6

I am trying to compute the average cell size on the following set of points, as seen on the picture: grid. The picture was generated using gnuplot:

gnuplot> plot "debug.dat" using 1:2

The points are almost aligned on a rectangular grid, but not quite. There seems to be a bias (jitter?) of say 10-15% along either X or Y. How would one compute efficiently a proper partition in tiles so that there is virtually only one point per tile, size would be expressed as (tilex, tiley). I use the word virtually since the 10-15% bias may have moved a point in another adjacent tile.

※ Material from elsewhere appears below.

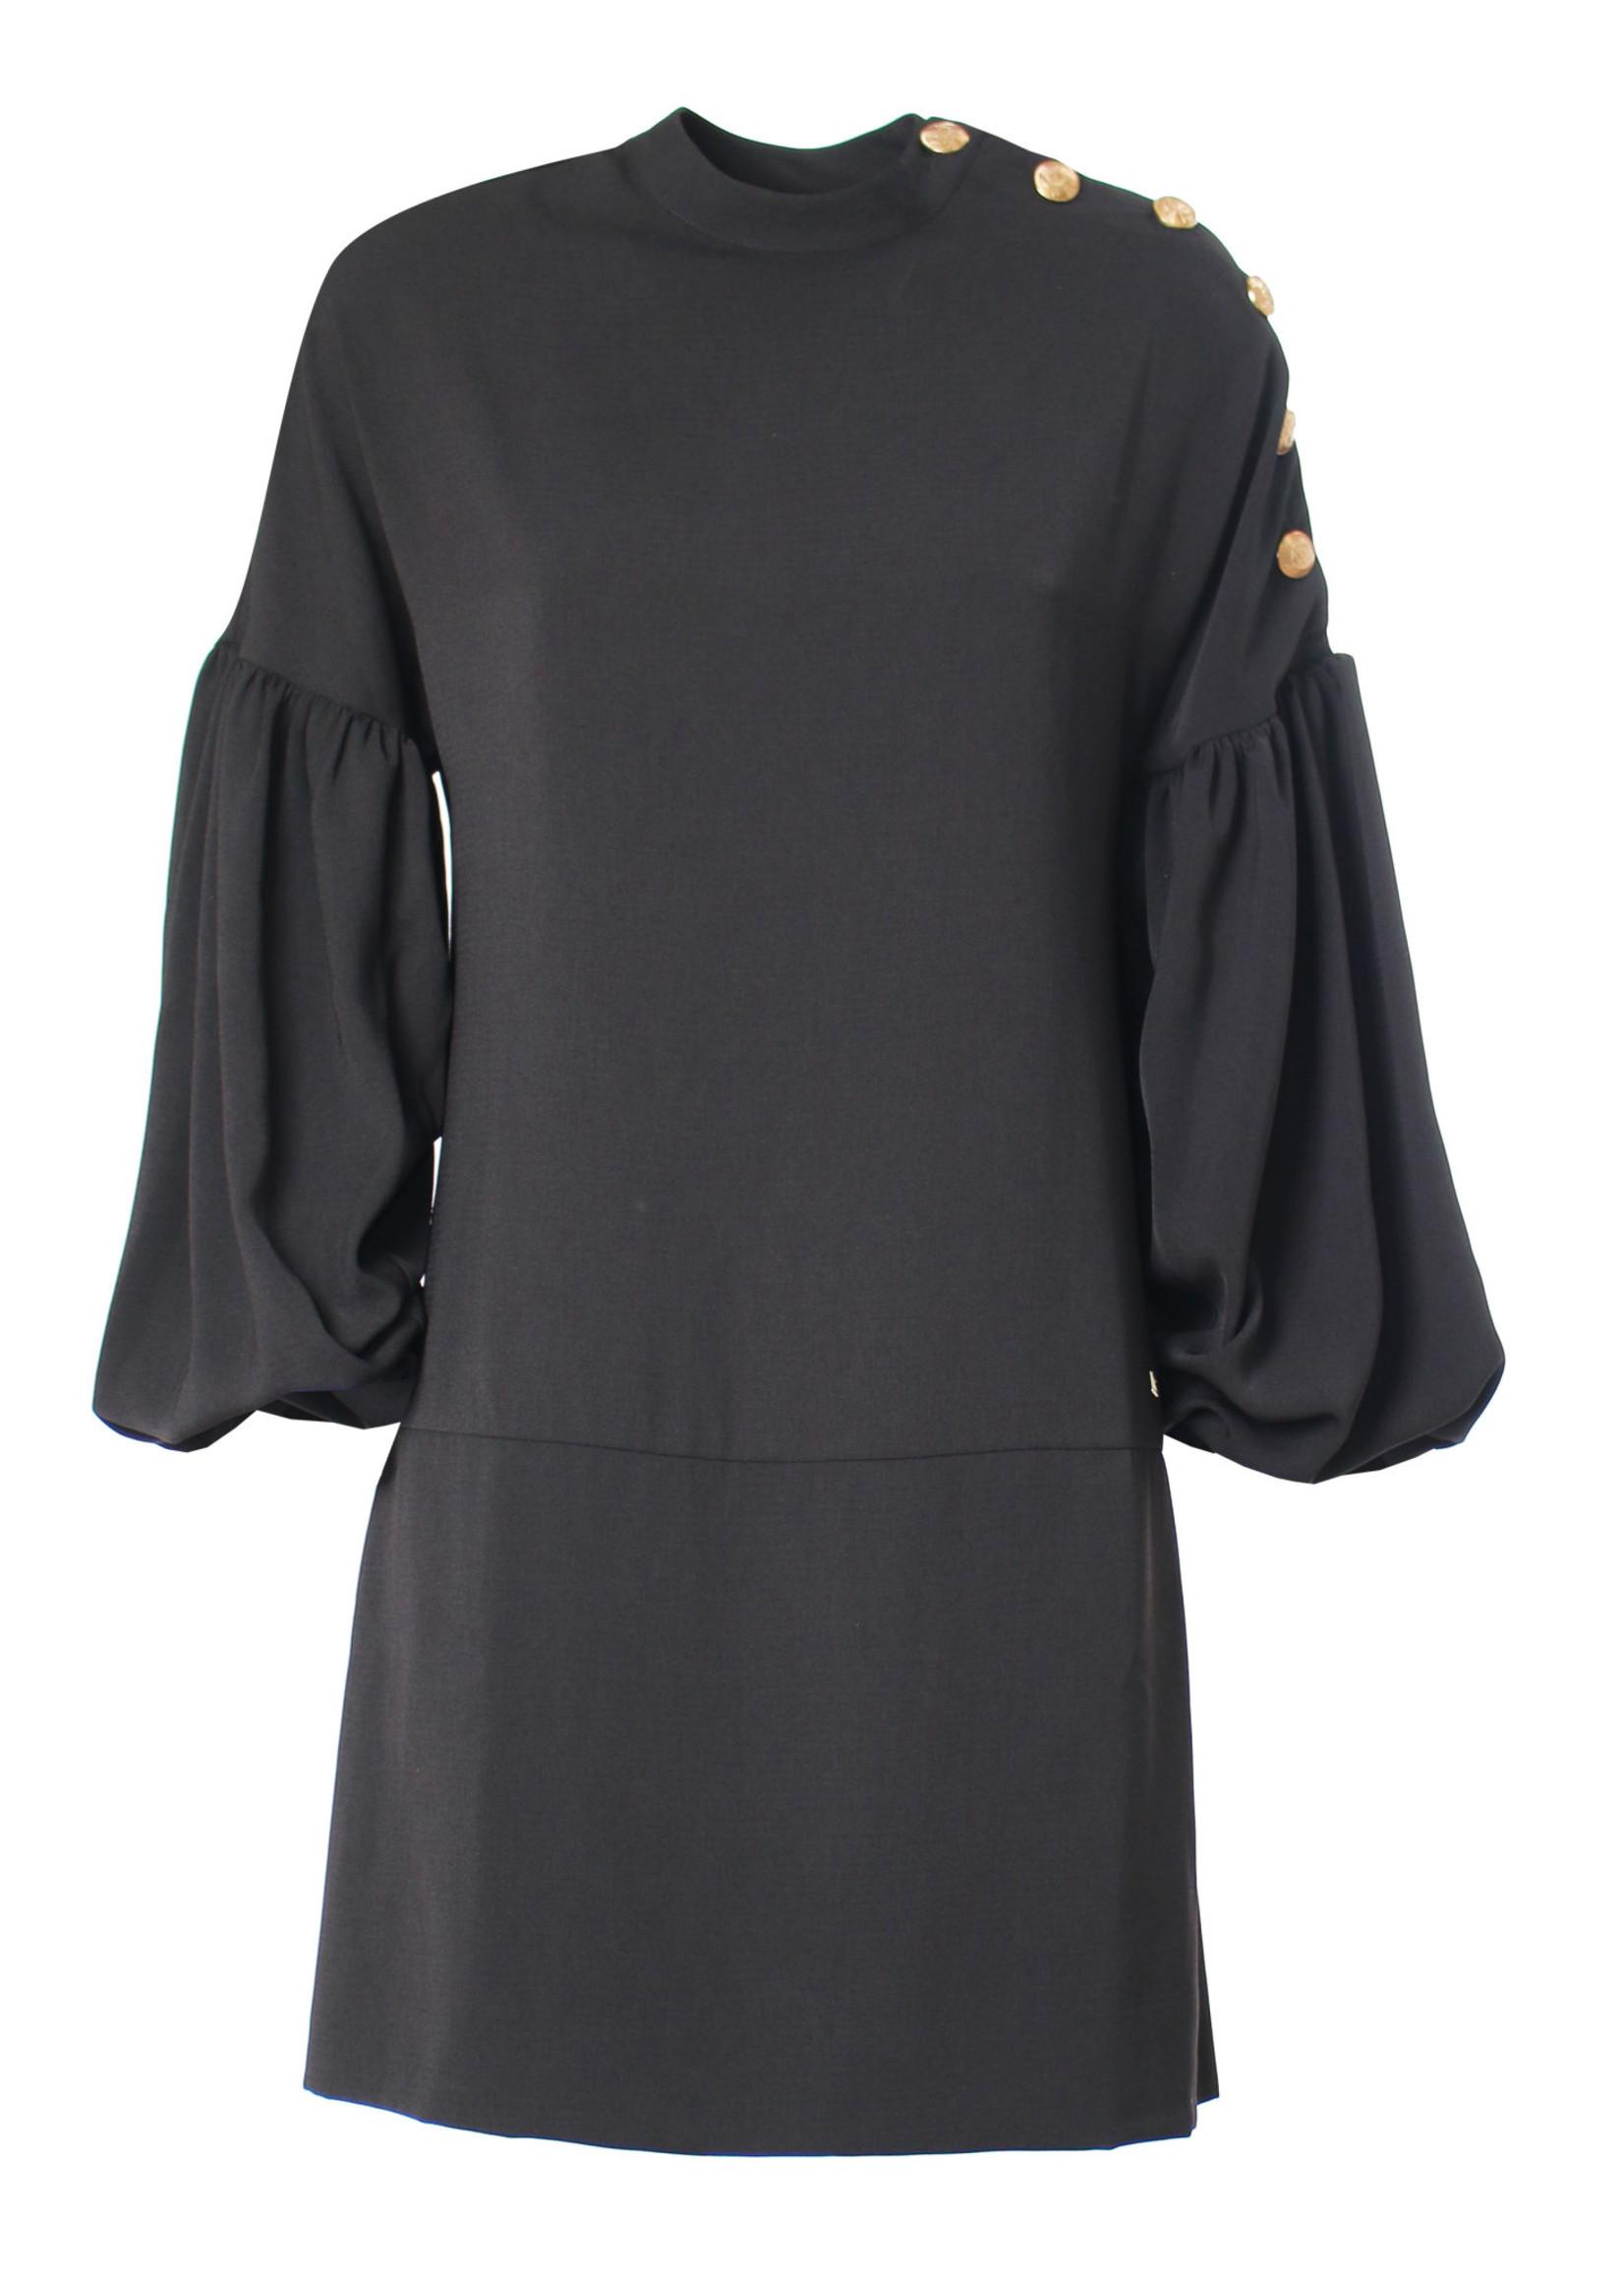 Kocca LYNN DRESS Black

Just for reference, I have manually sorted (hopefully correct) and extracted the first 10 points:

 -133920,33480
 -132480,33476
 -131044,33472
 -129602,33467
 -128162,33463
 -139679,34576
 -138239,34572
 -136799,34568
 -135359,34564
 -133925,34562

Just for clarification, a valid tile as per the above description would be (1435,1060), but I am really looking for a quick automated way.

malat
  • 12,152
  • 13
  • 89
  • 158
  • `1. Find the delaunay triangulation. 2. Remove the diagonal lines.` What remains is essentially what you want or at least will be rather helful. Takes O(N log N). – Nuclearman Dec 13 '14 at 01:04
  • What diagonal lines? – NaCl Dec 13 '14 at 12:58
  • 1
    Triangulation of an approximate grid creates lines that are approximately horizontal, vertical and diagonal. The horizontal and vertical ones are clearly useful in this case, but the diagonal ones are probably not and thus are best removed. The result is a grid graph that lets you easily find the next closest point directly to the left, right, up or down of a given point. This data structure should be sufficient to do whatever is needed in O(N). For example, you can find all points in a column by walking up and down from a point or a row by walking left and right. – Nuclearman Dec 13 '14 at 17:07
  • Do tiles have to be rectangular? – mleko Dec 14 '14 at 08:38
  • @mleko yes tiles have to be rectangular, that's the whole point. – malat Dec 15 '14 at 09:14
  • @Nuclearman delaunay triangulation is a O(n^2) operation, as per http://cs.stackexchange.com/questions/2400/brute-force-delaunay-triangulation-algorithm-complexity – malat Dec 15 '14 at 09:17
  • That's for a specific approach, which *only* uses edge flips, and as noted in the first sentence from the link you gave, it's considered a brute force way of doing it. There are more efficient ways, as noted by the [Wikipedia article](http://en.wikipedia.org/wiki/Delaunay_triangulation#Algorithms). Wikipedia is a rather good starting point for learning about specific algorithms/data structures. – Nuclearman Dec 15 '14 at 17:40
  • A lot of questions. Do the tiles need to touch eachother (more like a grid) Drawing a couple of tiles on top of the image would help. If so, then I'll write you the java :) – bvdb Dec 17 '14 at 21:17
  • @dvdb: Yes, they need to touch each other. – NaCl Dec 18 '14 at 22:38

1 Answers1

1

Let's do this for X coordinate only:

1) sort the X coordinates

2) look at deltas between two subsequent X coordinates. These delta will fall into two categories - either they correspond to spaces between two columns, or to spaces between crosses within the same column. Your goal is to find a threshold that will separate the long spaces from the short ones. This can be done by finding a threshold that separates the deltas into two groups whose means are the furthest apart (I think)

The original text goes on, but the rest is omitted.